Benedetto XVI è stato un «profeta» perché, più di tutti, ha saputo immaginare come sarà la Chiesa del futuro, cioè una Chiesa più «piccola»: lo ha affermato Papa Francesco. L’attuale pontefice ha riconosciuto al Papa Emerito la capacità di leggere e analizzare in modo corretto la prospettiva che aspettano la Chiesa da qui ai prossimi anni, tra cali delle vocazioni, diminuzione del numero di fedeli (in Europa) ed eliminazione di «privilegi».
Il colloquio a Malta
Le parole del Papa sono trascritte su “La Civiltà Cattolica” e si riferiscono ad un colloquio privato tra il pontefice e i gesuiti durante il suo viaggio apostolico a Malta. Il colloquio è avvenuto alle 7,20 di domenica 3 aprile papa Francesco in un salone della Nunziatura di Malta, dove erano raccolti 38 gesuiti maltesi, tra i quali p. Roberto Del Riccio, provinciale della Provincia euro-mediterranea, che comprende Malta, Italia, Albania e Romania.
“Più umile e autentica”
A Papa Francesco, i gesuiti chiedono qual è il futuro della Chiesa, che sembra in difficoltà in un Europa secolare e in crescita in Asia e Africa. «Papa Benedetto XVI è stato un profeta di questa Chiesa del futuro - sentenzia Bergoglio ai gesuiti maltesi -. Una Chiesa che diventerà più piccola, che perderà molti privilegi, sarà più umile e autentica e troverà energia per l’essenziale».
“Una Chiesa più piccola”
Papa Francesco immagina «una Chiesa più spirituale, più povera e meno politica: una Chiesa dei piccoli: Benedetto XVI da vescovo lo aveva detto: prepariamoci a essere una Chiesa più piccola.
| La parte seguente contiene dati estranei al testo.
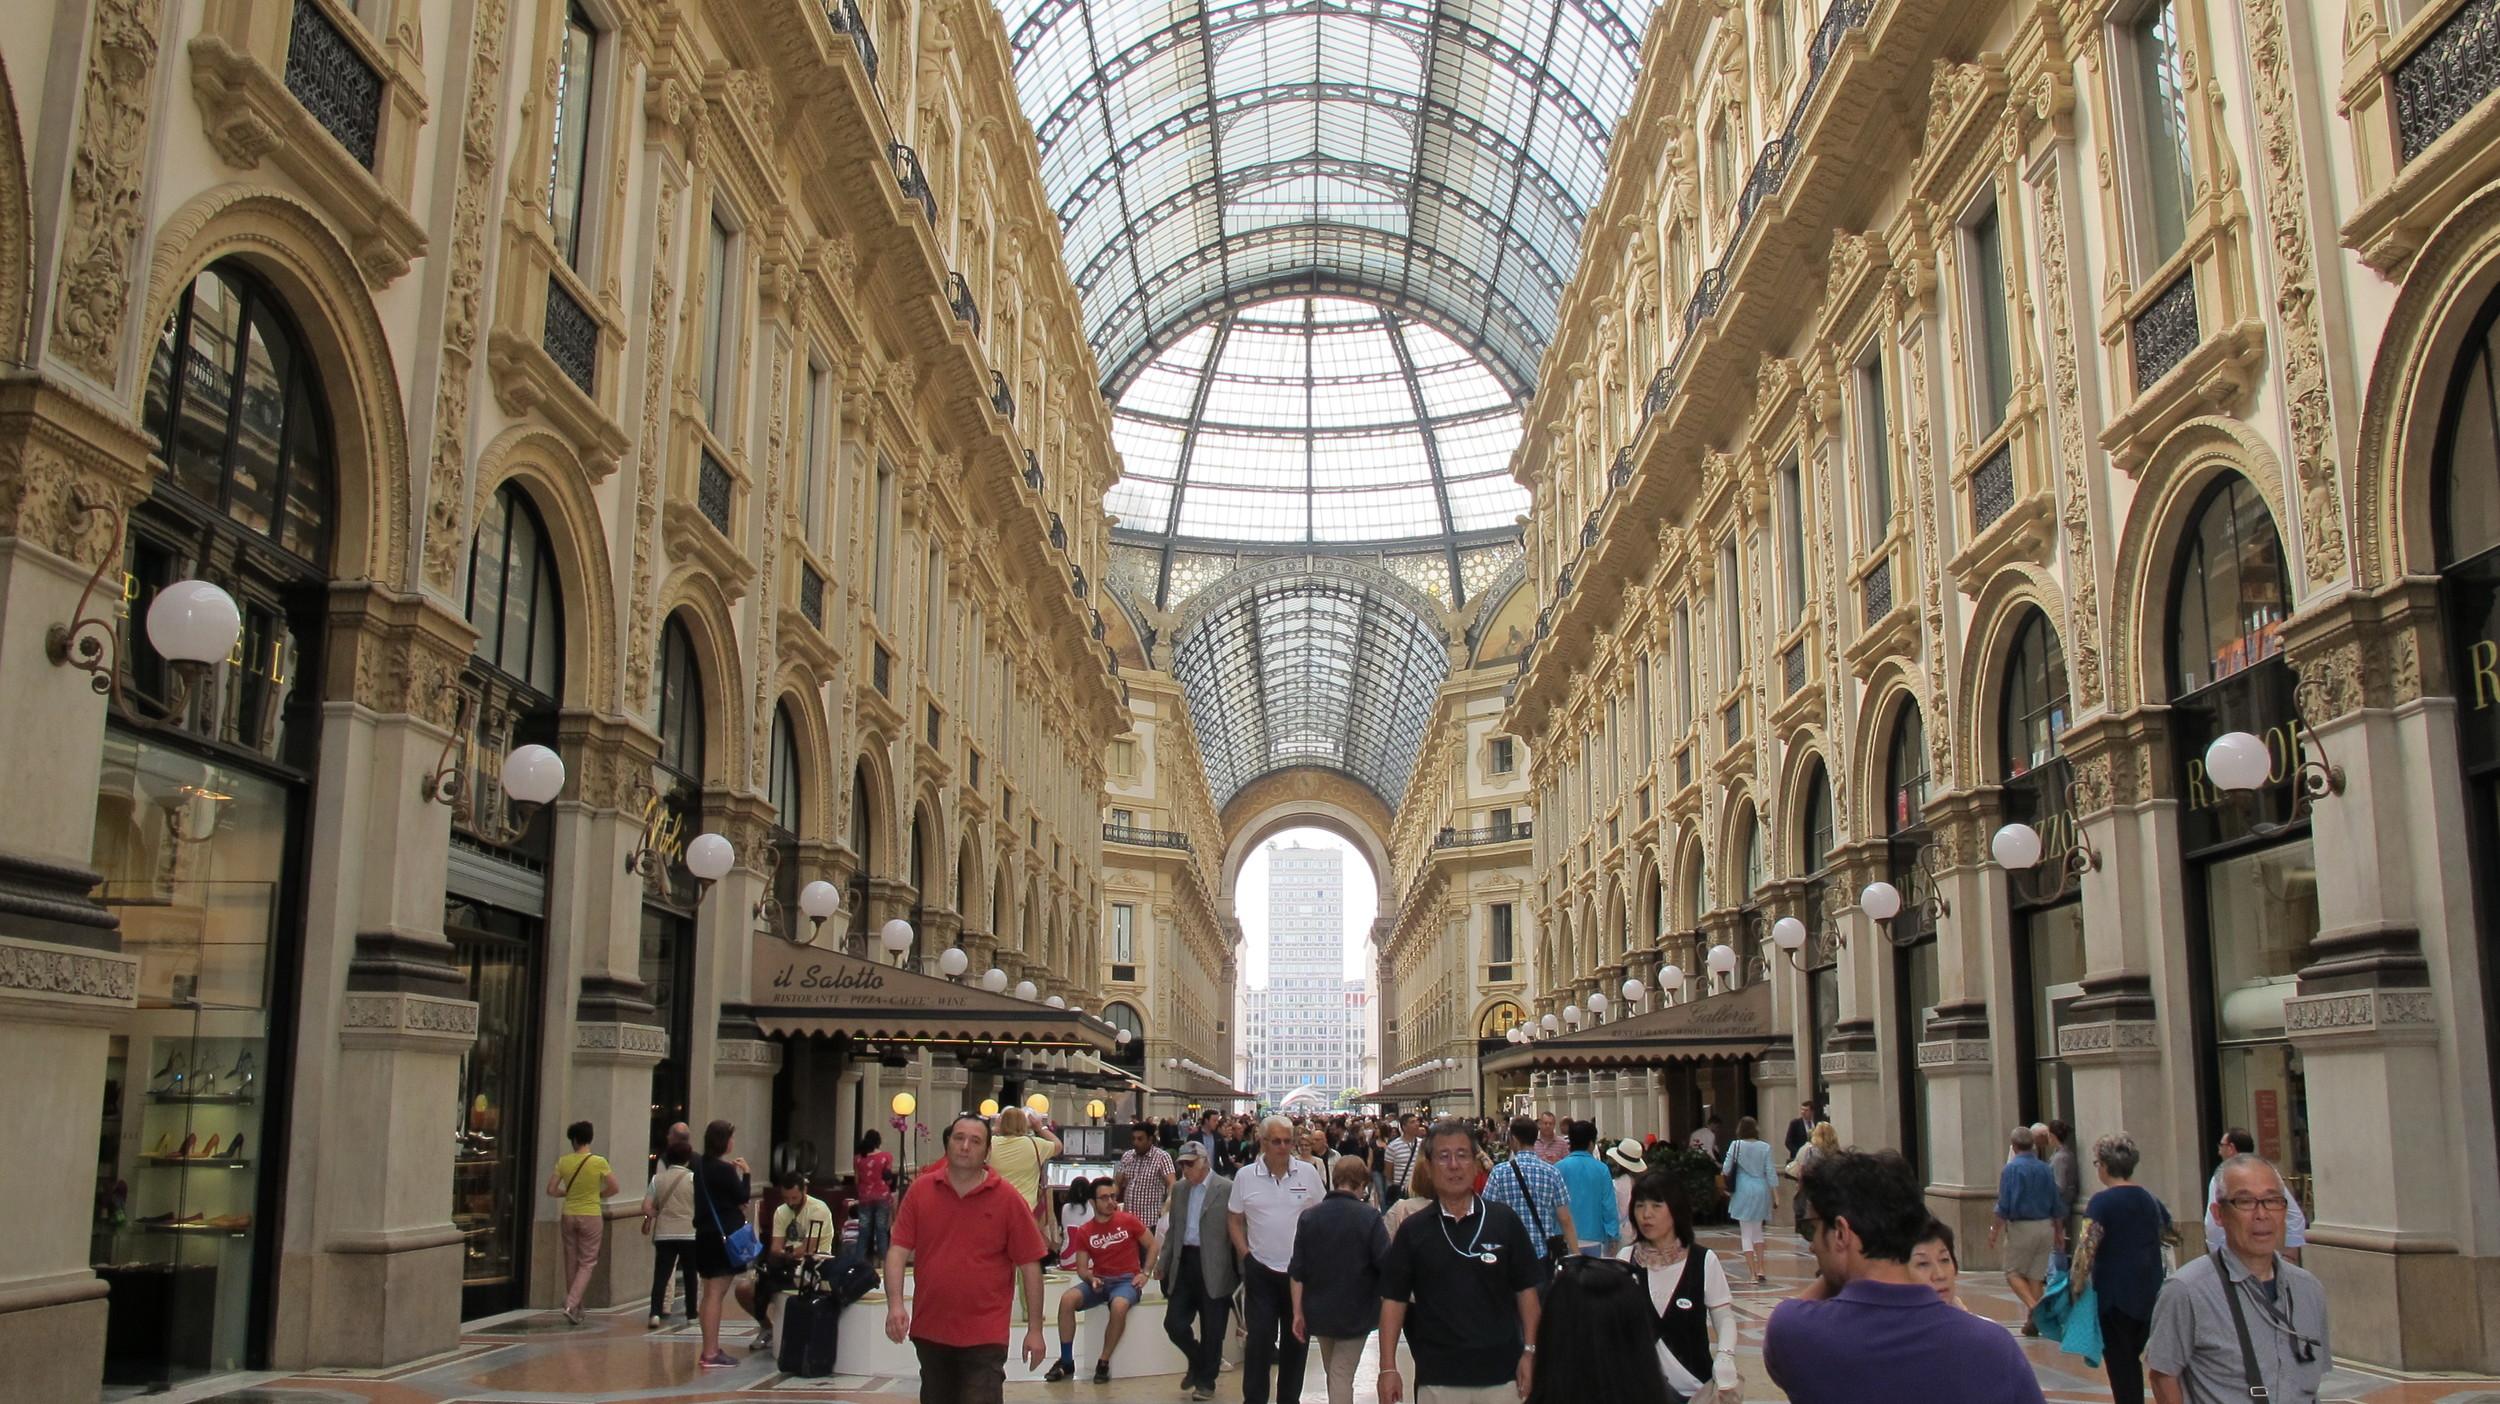 Galleria Vittorio Emmanuelle Milan Italy

Questa è una delle sue intuizioni più ricche».
Le vocazioni
Il pontefice non nasconde che uno dei problemi più importanti riguarda le vocazioni. L’Europa è un continente che invecchia e i giovani si sposano meno che in passato. «Direi alle mamme di questi trentacinquenni che vivono nella famiglia di origine - afferma il Papa - di non stirare più le camicie! In questa situazione c’è anche il rischio di voler cercare le vocazioni senza adeguato discernimento».
La vera Chiesa sinodale
Papa Francesco ha anche menzionato il cammino sinodale. E’ sereno perché la Chiesa sta imparando «a parlare e scrivere “in Sinodo”». Bergoglio pensa ad un’assemblea sinodale capace di raccogliere davvero le istanze dei territori e di farsene carico. Come avvenne nel Sinodo del 2001, di cui era relatore. Solo così si guarda al futuro restando ancorati alla realtà.
Il Signore bussa alla porta
«Infine, voglio dire che non dobbiamo dimenticare quel gioiello che è l’Evangelii nuntiandi di Paolo VI - ha aggiunto il Papa - La vocazione della Chiesa qual è? Non sono i numeri. È evangelizzare. La gioia della Chiesa è evangelizzare. Il vero problema non è se siamo pochi, insomma, ma se la Chiesa evangelizza. Nelle riunioni prima del Conclave si parlava del ritratto del nuovo Papa. È stato proprio lì, nelle Congregazioni generali, che è stata usata l’immagine della Chiesa che esce, in uscita. Nell’Apocalisse si dice: “Io sto alla porta e busso”. Ma oggi il Signore bussa da dentro perché lo si lasci uscire. Questa è la necessità di oggi, la vocazione della Chiesa oggi».